We find in Natural Genesis, by the English poet Gerald Massey, a passage which so beautifully portrays our own view of this subject that we cannot forbear copying it:

“It has often been said that if there were no historic Christ then the writers who represented such a conception of the divine man must have included amongst them one who was equal to the Christ. But the mythical Christ was not the outcome of any such conception. It was not a work of the individual mind at all, but of the human race—a crowning result of evolution versus any private conception of a hero. This was the hero of all men, who never was and was never meant to be human, but from the beginning was divine; a mythical hero without mortal model, and equally without fault or flaw. This was the star-god who dawned through the outermost darkness; this was the moon-god who brought the message of renewal and immortality; this was the sun-god who came with the morning to all men; this in the Kronian stage was the announcer of new life and endless continuity at the opening of every cycle, and in the psychotheistic phase the typical son of the Eternal as manifester and representative in time.

“As a mental model the Christ was elaborated by whole races of men, and worked at continually, like the Apollo of Greek sculpture. Various nations wrought at this ideal, which long-continued repetition evoked from the human mind at last as it did the Greek god from the marble.

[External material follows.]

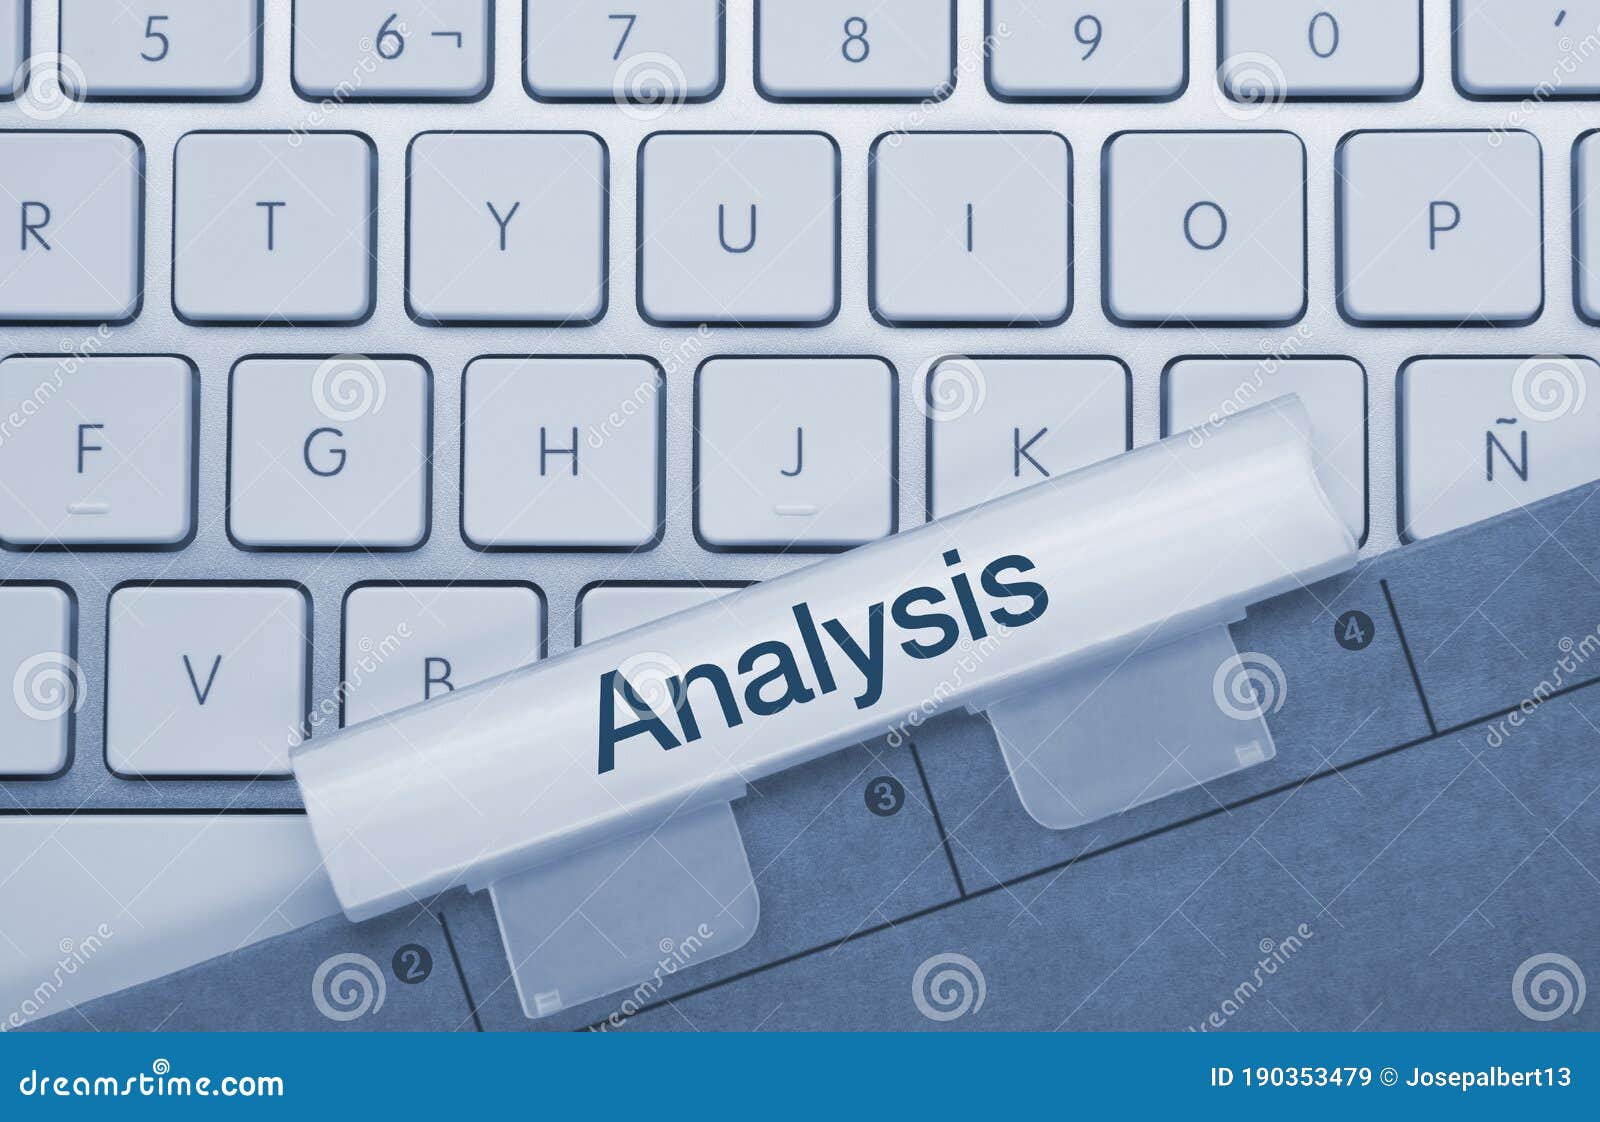 analysis - inscription on blue keyboard key
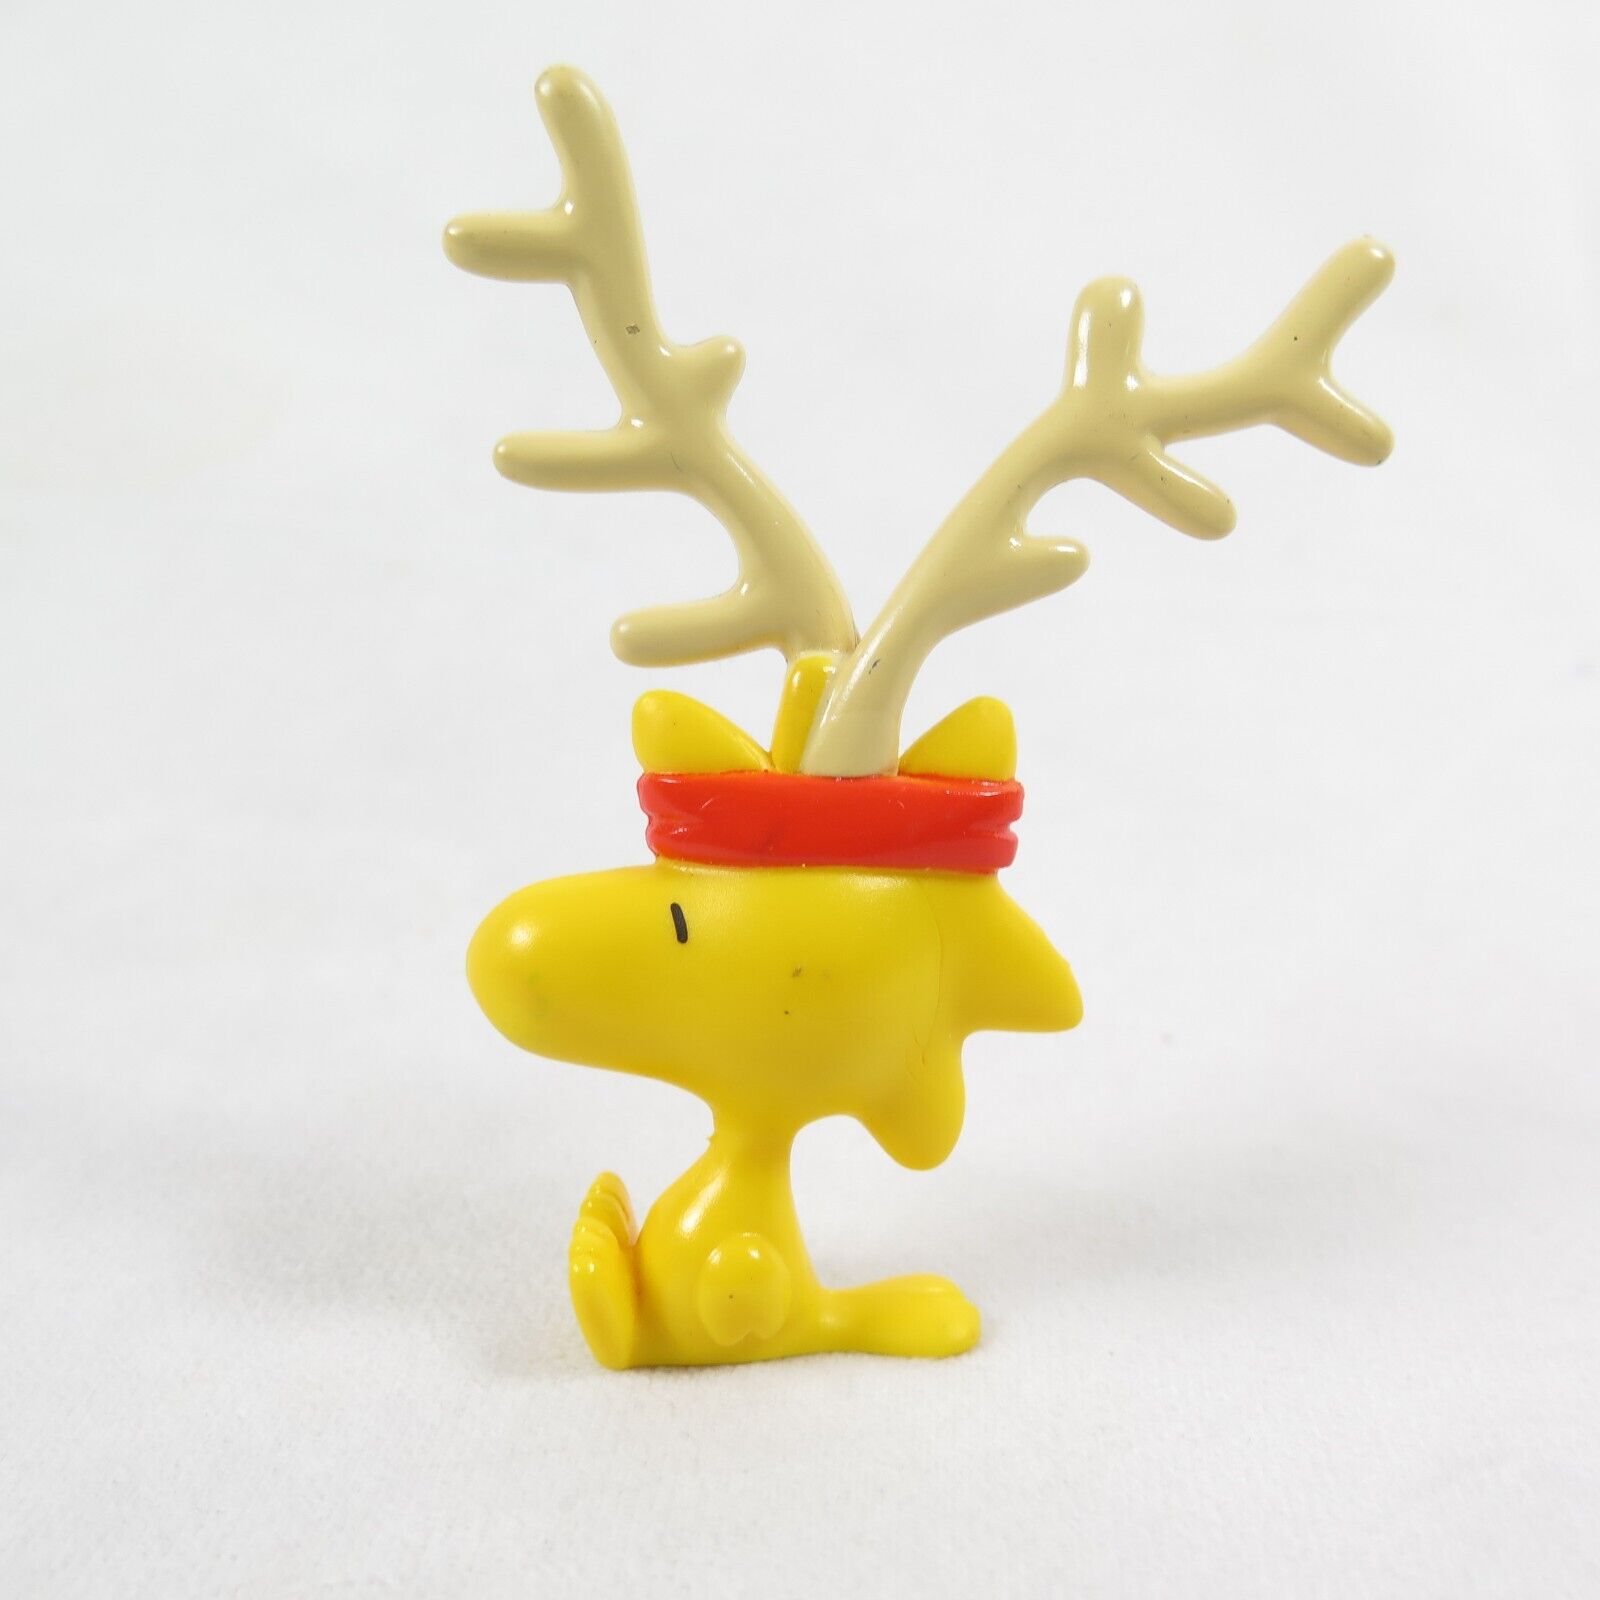 Woodstock Peanuts Figure 2004 w/ Reindeer Antlers Ornament Stands 3.75 in Tall

“Egypt labored at the portrait for thousands of years before the Greeks added their finishing touches to the type of the ever-youthful solar god. It was Egypt that first made the statue live with her own life, and humanized her ideal of the divine. Hers was the legend of supreme pity and self-sacrifice so often told of the canonical Christ. She related how the very god did leave the courts of heaven and come down as a little child, the infant Horus born of the Virgin, through whom he took flesh or descended into matter, < crossed the earth as a substitute/ descended into Hades as the vivifier of the dead, their vicarious justifier and redeemer, the first-fruits and leader of the resurrection into eternal life. The Christian legends were first related of Horus, or Osiris, who was the embodiment of divine goodness, wisdom, truth, and purity—who personated ideal perfection in each sphere of manifestation and every phase of power. This was the greatest hero that ever lived in the mind of man—not in the flesh—to influence with transforming force; the only hero to whom the miracles were natural because he was not human. The canonical Christ only needed a translator, not a creator, a transcriber of the ‘sayings’ and a collector of the ‘doings’ already ascribed to the mythical Christ.

“The humanized history is but the mythical drama made mundane. The sayings and marvellous doings of Christ being pre-extant, the ‘spirit of Christ,’ the ‘secret of Christ,’ the ‘sweet reasonableness of Christ’ were all pre-Christian, and consequently could not be derived from any ‘personal founder’ of Christianity. They were extant before the great delusion had turned the minds of men and the figure-head of Peter's bark had been mistaken for a portrait of the builder.